_Task instructions_
Retype the lines of the material below, exactly and only, from the one containing "BECCA Cosmetics Ignite" through the last line, with pictures left out.

_Dataset excerpt_
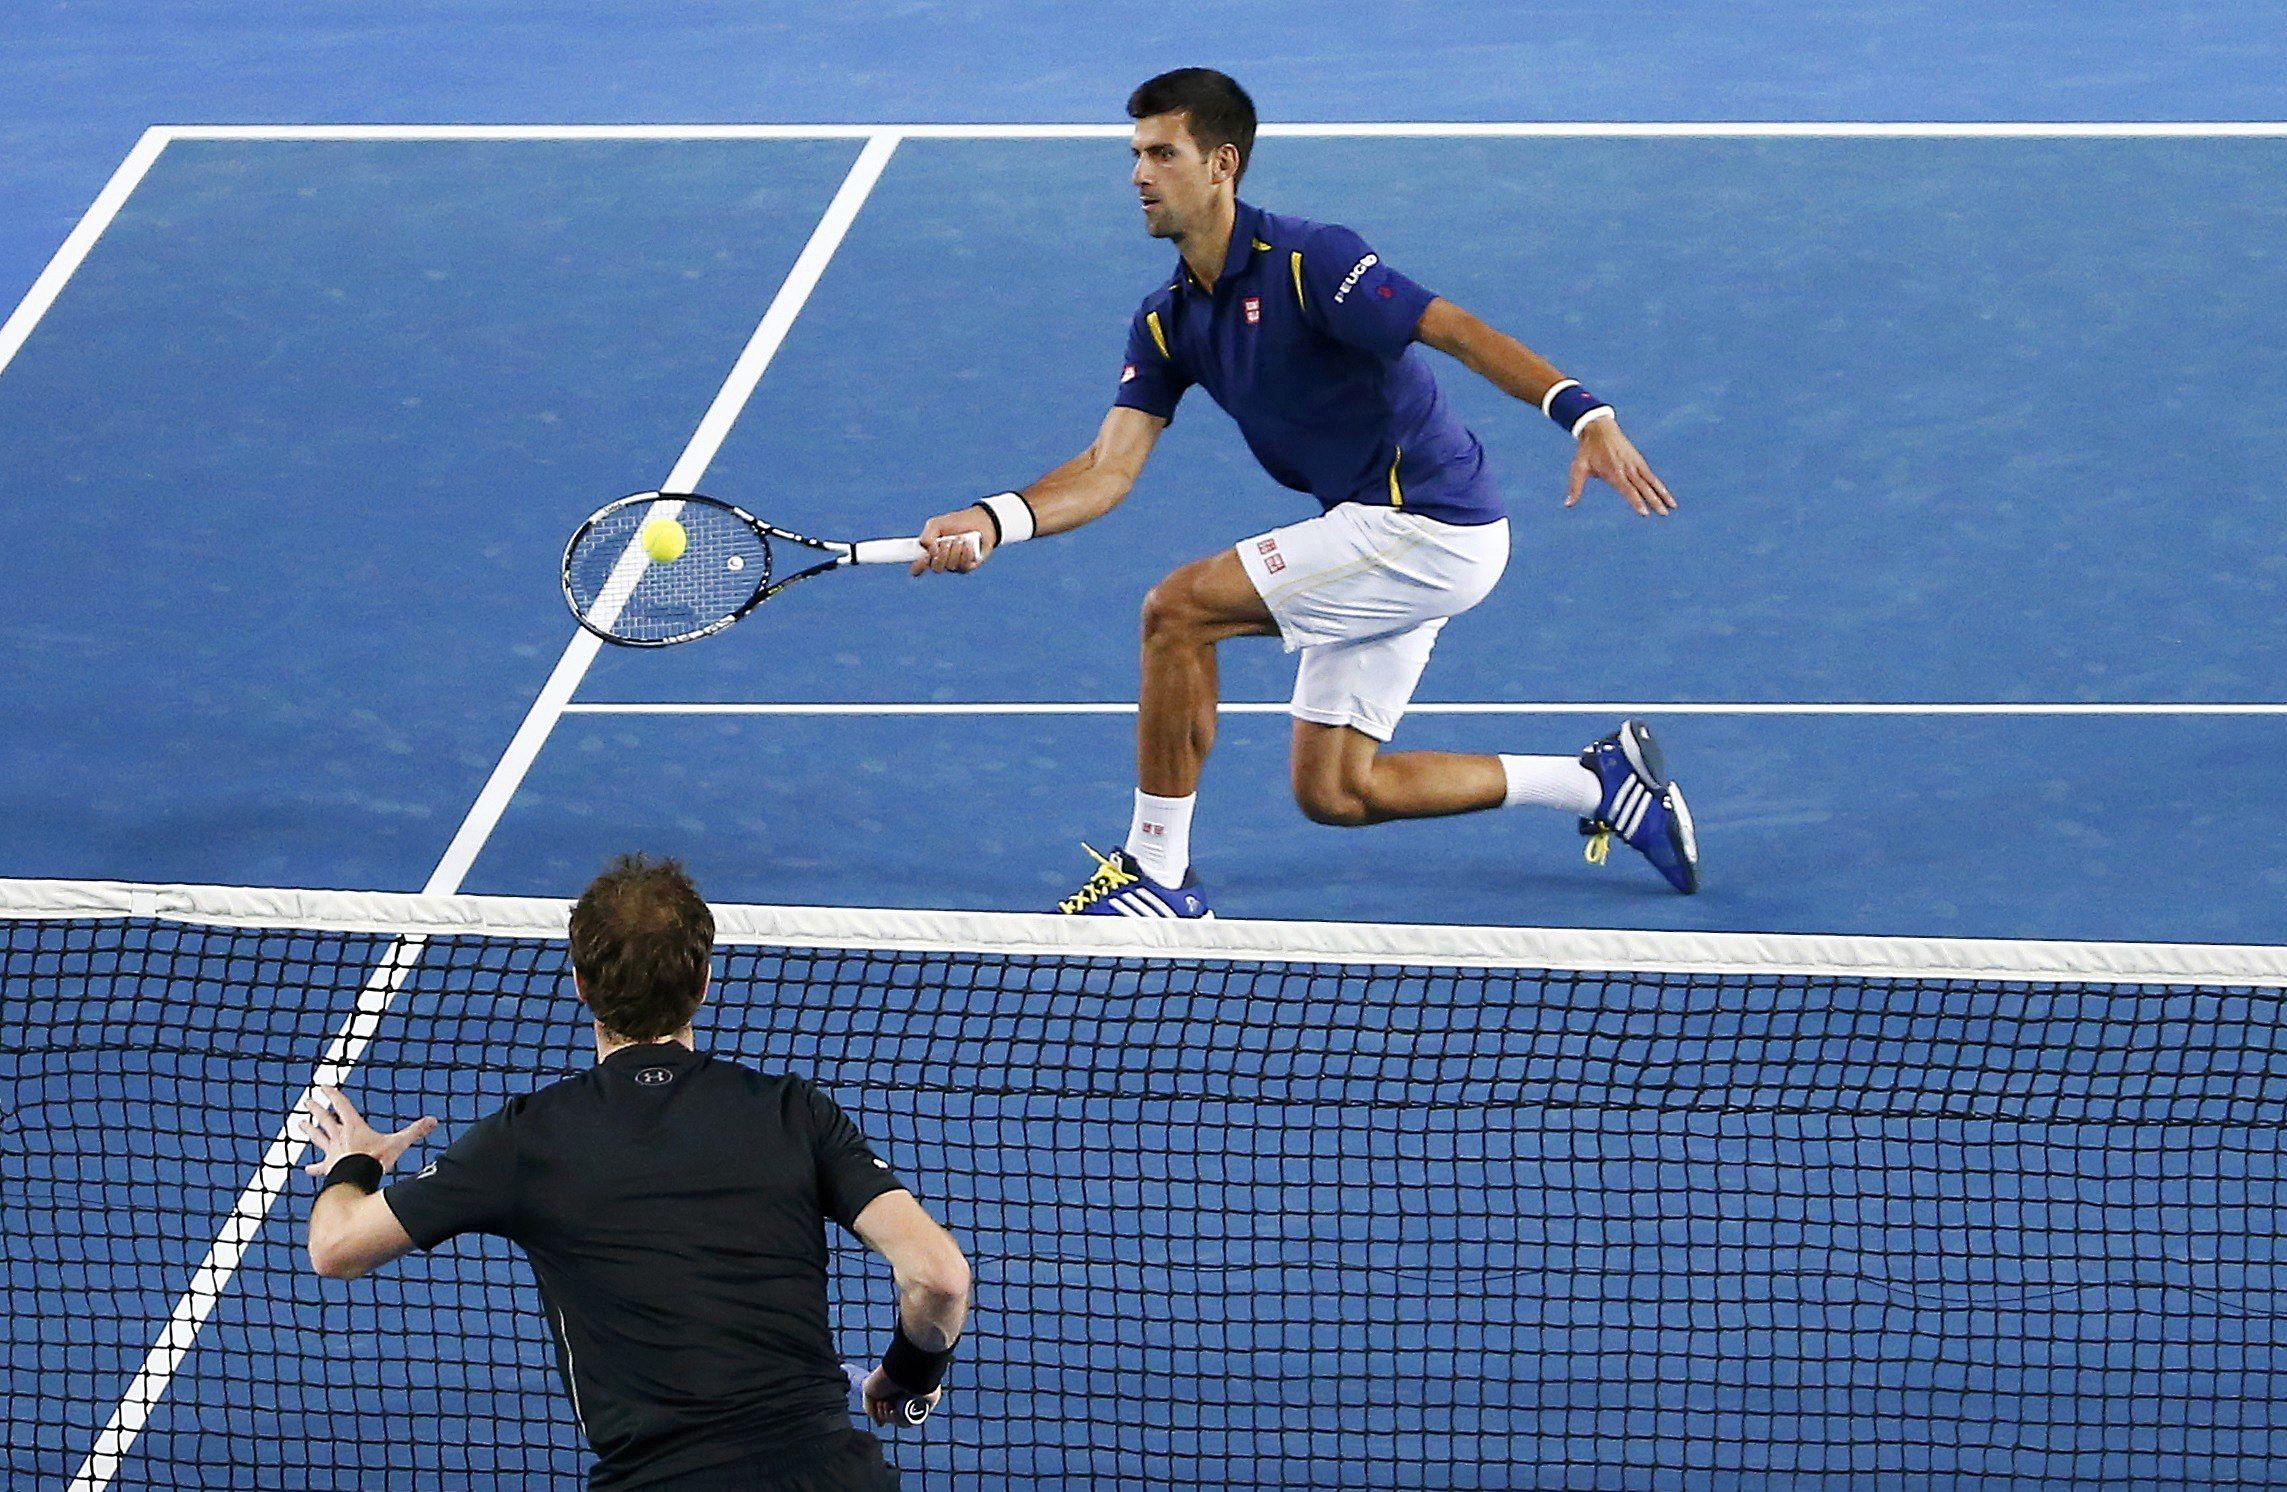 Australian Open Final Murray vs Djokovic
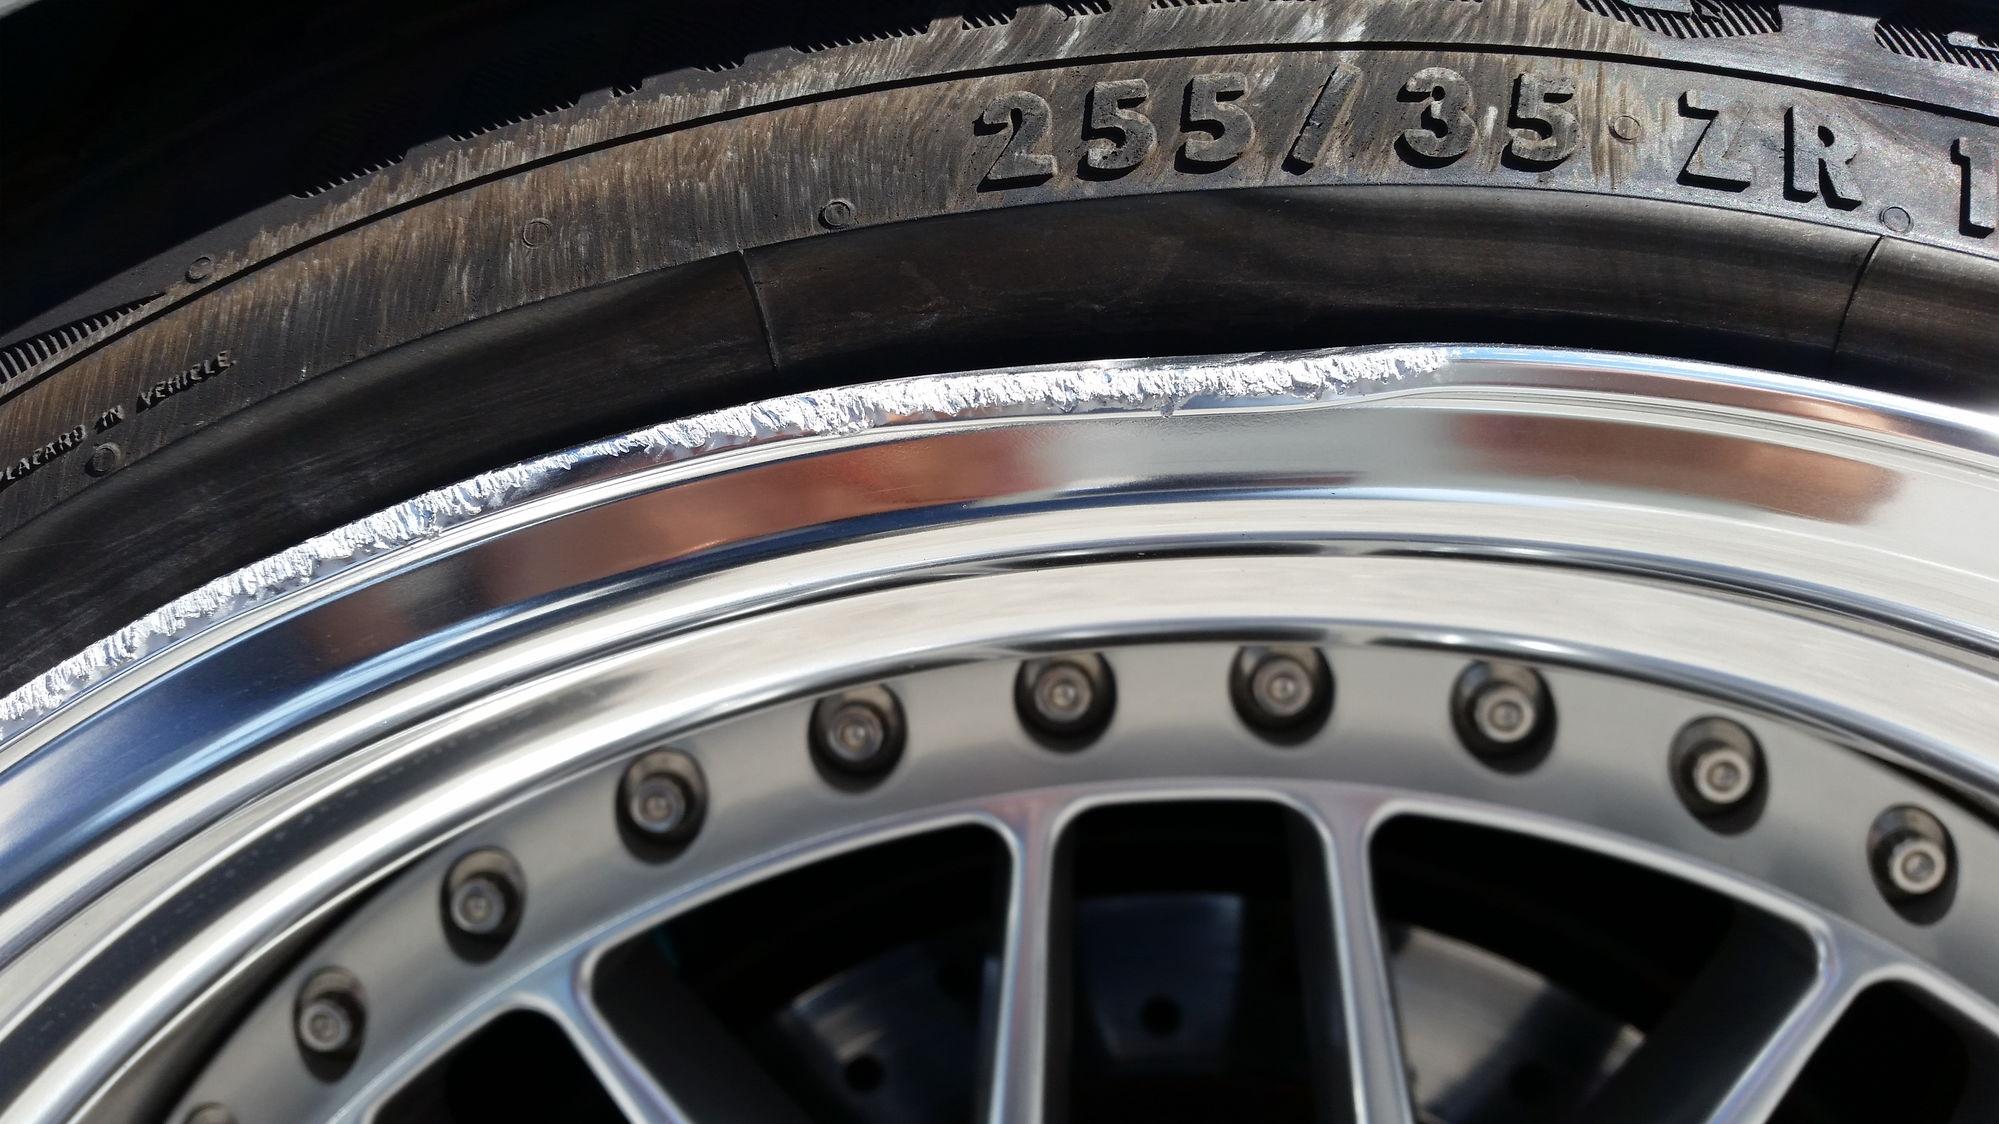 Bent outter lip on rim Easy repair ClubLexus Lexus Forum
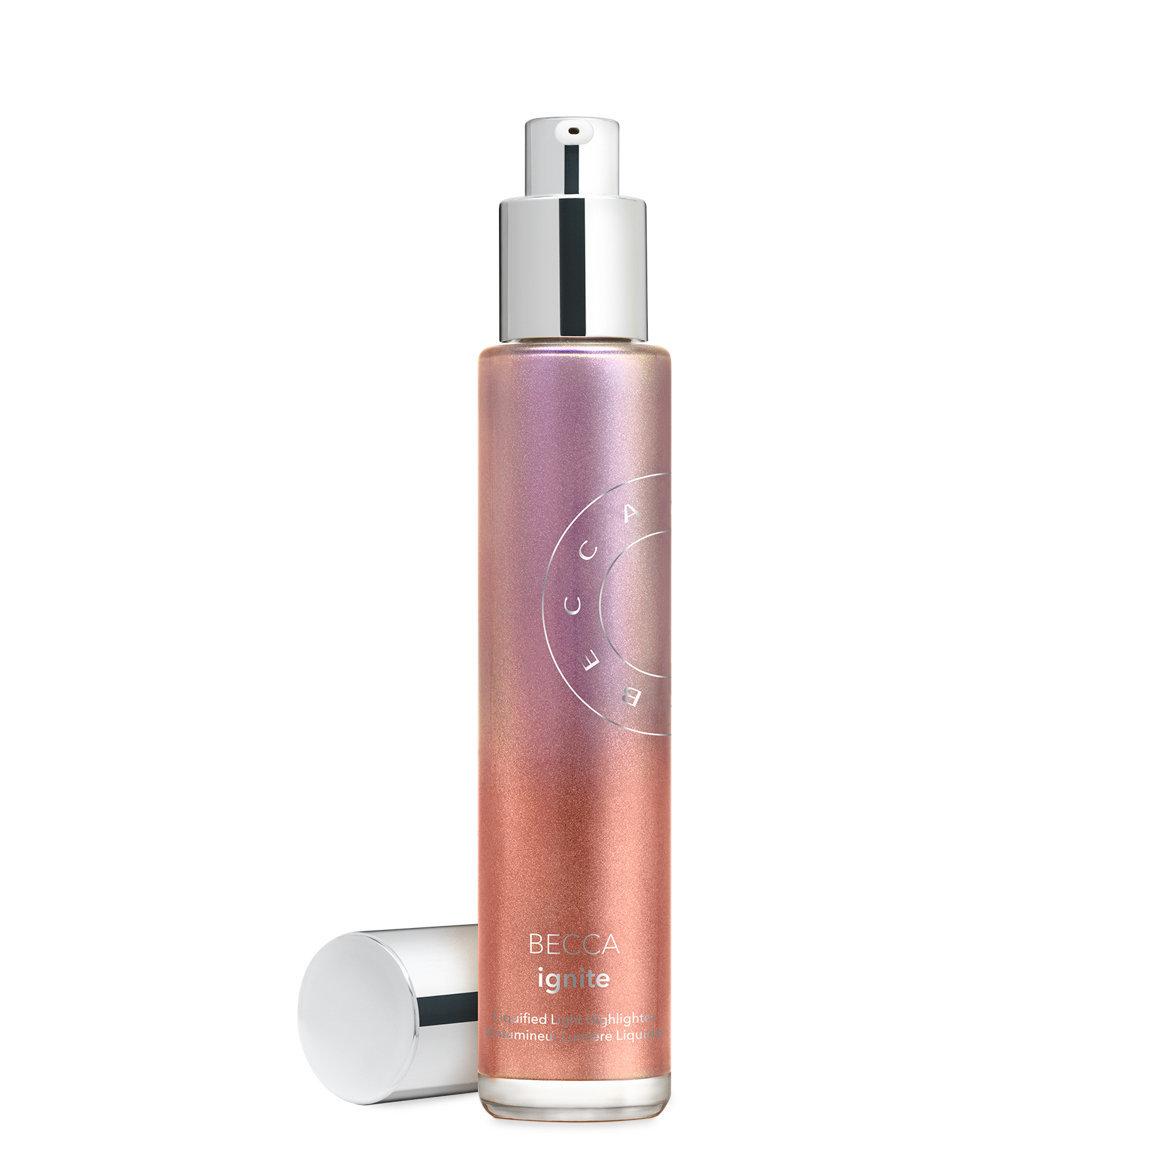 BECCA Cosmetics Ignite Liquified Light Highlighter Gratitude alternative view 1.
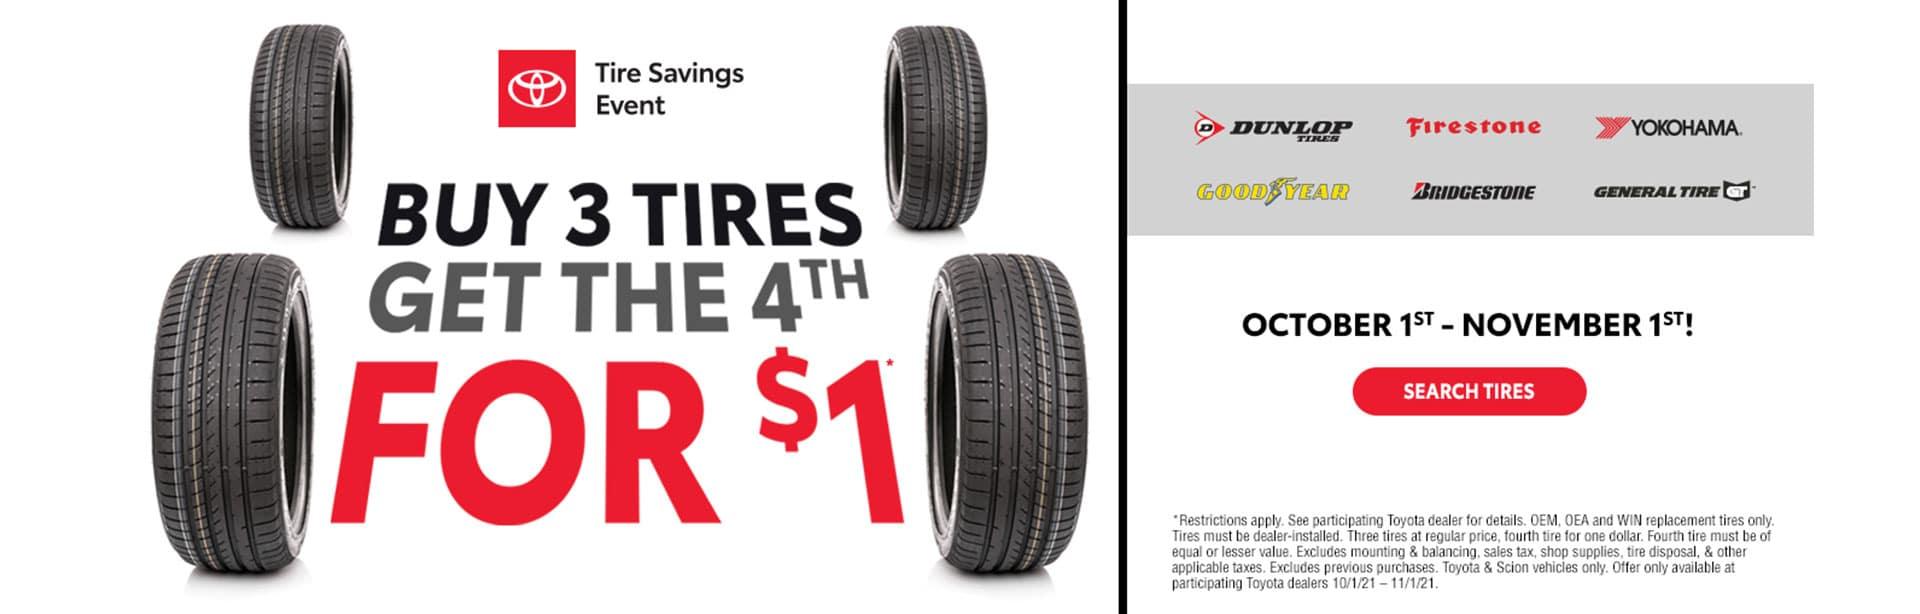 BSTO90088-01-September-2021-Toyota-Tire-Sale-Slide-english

_Exercise output_
 BECCA Cosmetics Ignite Liquified Light Highlighter Gratitude alternative view 1.
 BSTO90088-01-September-2021-Toyota-Tire-Sale-Slide-english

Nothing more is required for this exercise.